First off, I promise that David is going to do his share of Thing-blogging when we get back home to Lubbock. Dave's blog is set up on our desktop compy back home, so I am the designated travel writer in the meantime. Secondly, I just have to say that I am related to some very cool people.
Thirdly, as I was typing the title to this blog post, I felt weird in the moment I was typing "in Yahtzee," because without those crucial two words it becomes a much more macabre post. This reminded me that the best quotation of the dinner party evening was when we were discussing the cooking of meat, and Jon said, "I wonder how one would cook the most dangerous game—man," and David responded with, "The most dangerous game requires the most dangerous spices," and we all applauded this pithy statement. We decided that the most dangerous spices must be a combination of star of anise, coriander, and maybe saffron. No one mentioned any chili spices—perhaps they were too obvious?
ANYWAY......
Jon and Whittney got married this past January, and it was our very awesome pleasure to have a couples' dinner with them tonight (Hollie stayed home and played with Grandma and Aunt Mary, where she was all kinds of trouble I'm sure, though no one will ever admit it). Jon is a professional chef and baker and Whittney isn't too shabby in the kitchen herself, so we ate like royalty (place settings and multiple courses and the whole get-up—and then they apologized for just giving us a "regular" dinner!).

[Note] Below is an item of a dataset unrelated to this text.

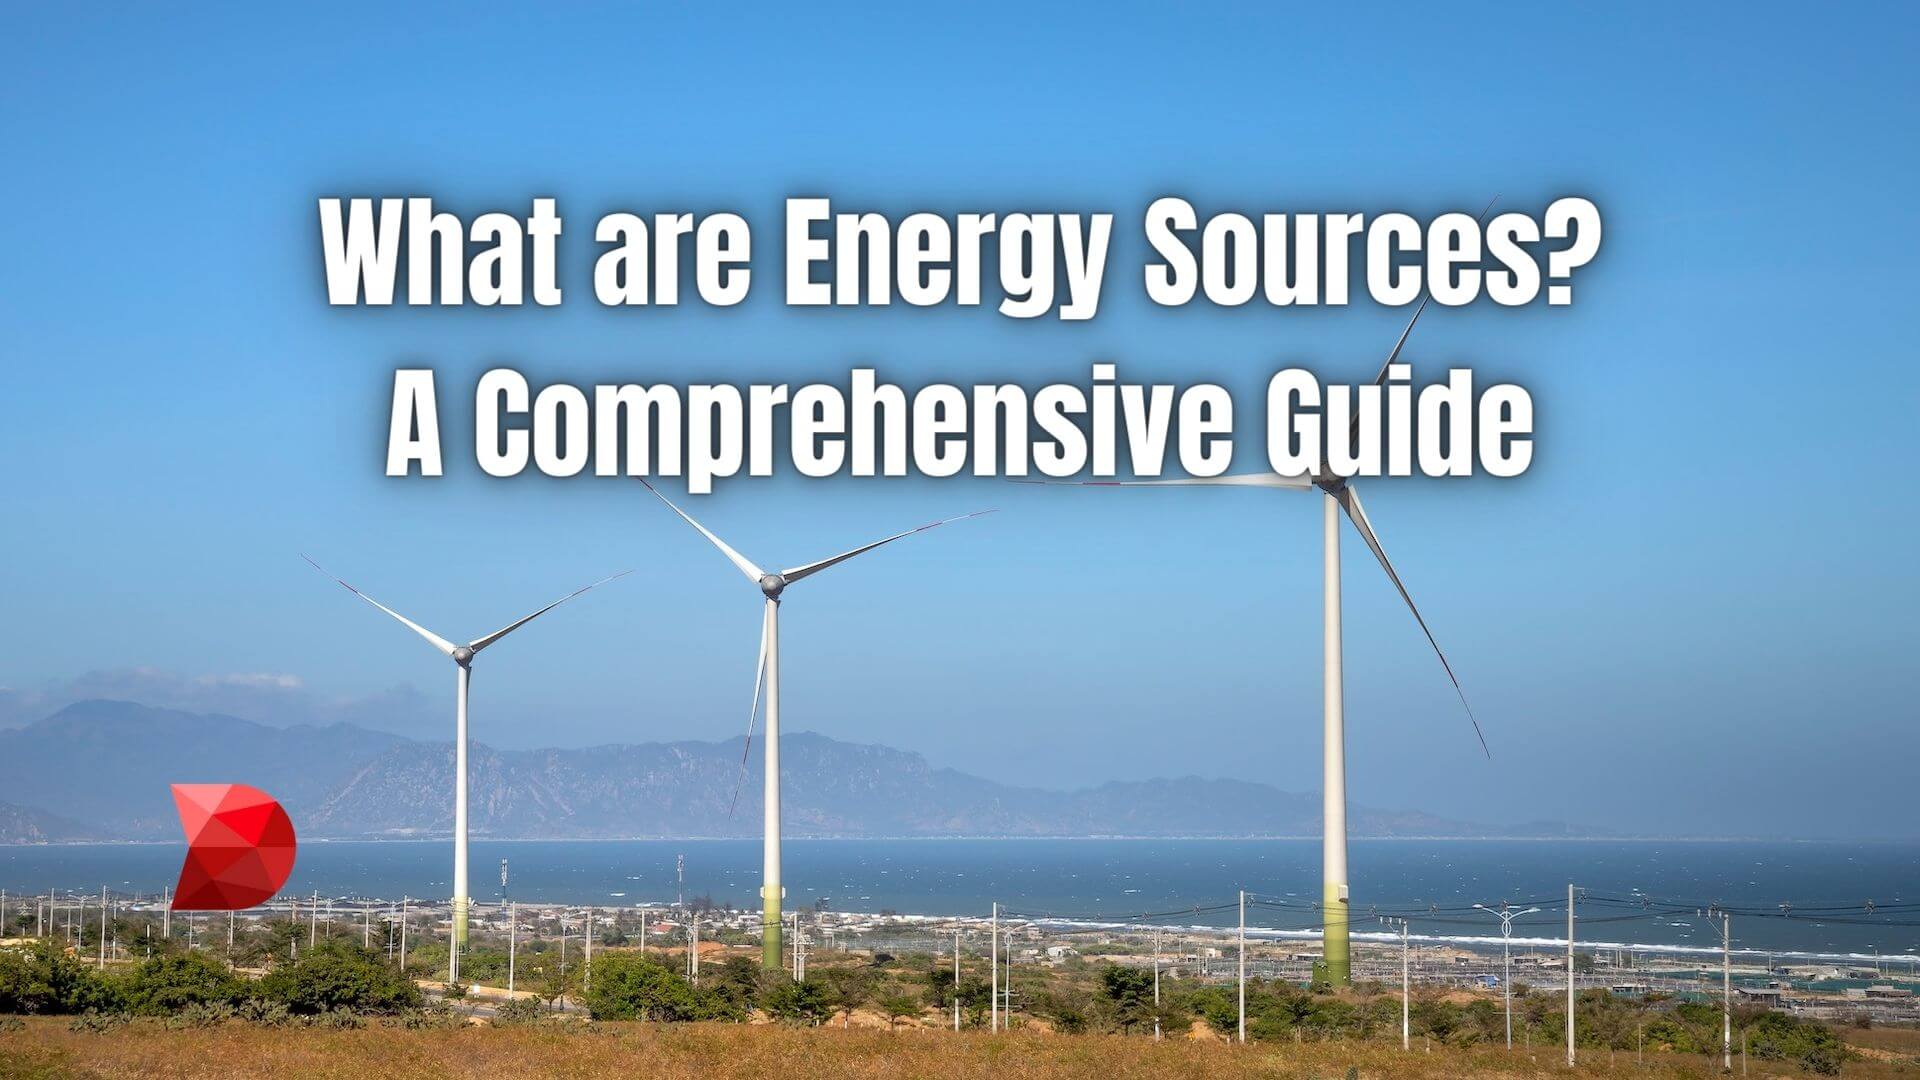 Energy sources are the means of producing energy through natural processes or technological advances. Here are the types of energy sources.

It was fun to reminisce about my and David's own first apartment (Jon and Whittney's is much fancier than ours was), and we chatted about small kitchens, the complications about deciding how to fill wall space, purchase furnishings, and split bookshelves. Dave and I will celebrate our fourth anniversary this August, which still really makes us look like newbies ourselves, but we felt somewhat seasoned as we reflected on how far we've come since our own first stabs at keeping a house together. It was cute to see all of Jon's books on side of the reading nook and all of Whittney's books on the other side. There are some books at home that Dave and I have trouble remembering whose books they originally were—is this copy of Robert Louis Stevenson's Kidnapped yours or mine, originally? Where did we ever pick up this Willa Cather? You thought it was mine? I thought it was yours! etc. Perhaps this just comes from two English majors marrying each other, but I have my suspicions that other married couples know what I mean.

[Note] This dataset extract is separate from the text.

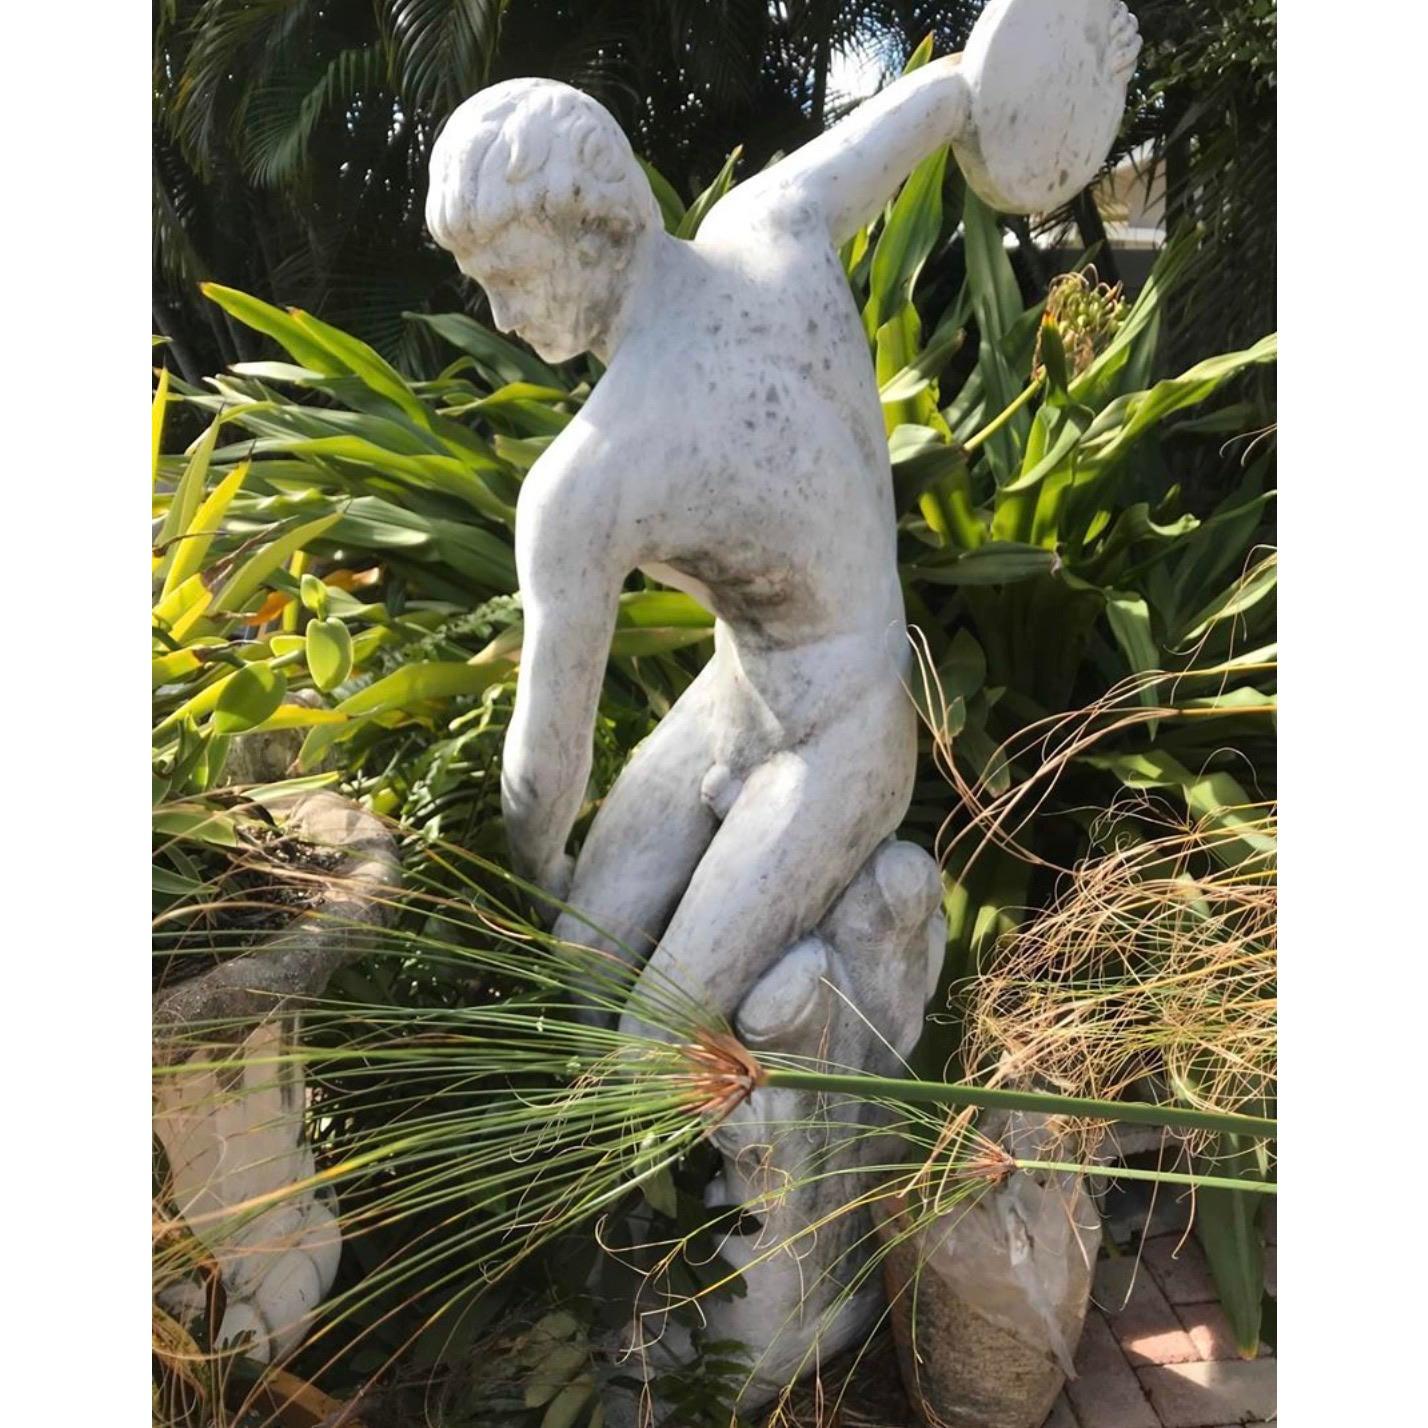 Brilliant life size Greek discus thrower. Super impressive in person. Made of concrete and has a vintage patina. Acquired from a Palm Beach estate.

After dinner, we played a quick round of Yahtzee before needing to get back to the other side of Houston to put our baby to bed. I can't emphasize enough how much I stink at Yahtzee 85% of the time. There is a Grover family rule that every person who gets a Yahtzee must immediately do a victory dance. Each subsequent Yahtzee-getter must add onto the previous Yahtzee-getters' victory dances as part of their own celebration. Playing with several of David's siblings sometimes means having to memorize five or six Yahtzee victory dances by the end of the game. I spent the first couple of years of marriage being generally relieved that I never get Yahtzees.
But tonight, I got two, and the rest of those sorry souls didn't get any. Jon said my victory dances reminded him of Bowie and Jagger's "Dancing in the Street" music video, which I took to be a great compliment (and which he meant to be a great compliment, which is part of why I know I'm related to great people). My final score was 411 points, which is a huge win for me—an unheard of win.
I should also mention the other Grover family Yahtzee rule, which is that each person must give themselves a last name on their score card that represents a celebrity crush (fictional or nonfictional). Tonight we were Jon Deschanel, Whittney Kirk (in honor of Shatner), David Ripley (in honor of Sigourney), and Emily Fiennes (in honor of Ralph, circa Quiz Show—pre-Voldemort).
It goes without saying that I will play by Emily Fiennes again in the future, to see if my luck still holds with that handsome old British fox. (P.S. His full name is Ralph—pronounced more like "Rafe"—Nathaniel Twisleton Wykeham Fiennes. Twisleton! It's incredible. That handsome old British fox.)
Thing #7: Eat Dinner with Awesome Newlyweds and then Beat the Pants off of Them in Yahtzee = ACCOMPLISHED.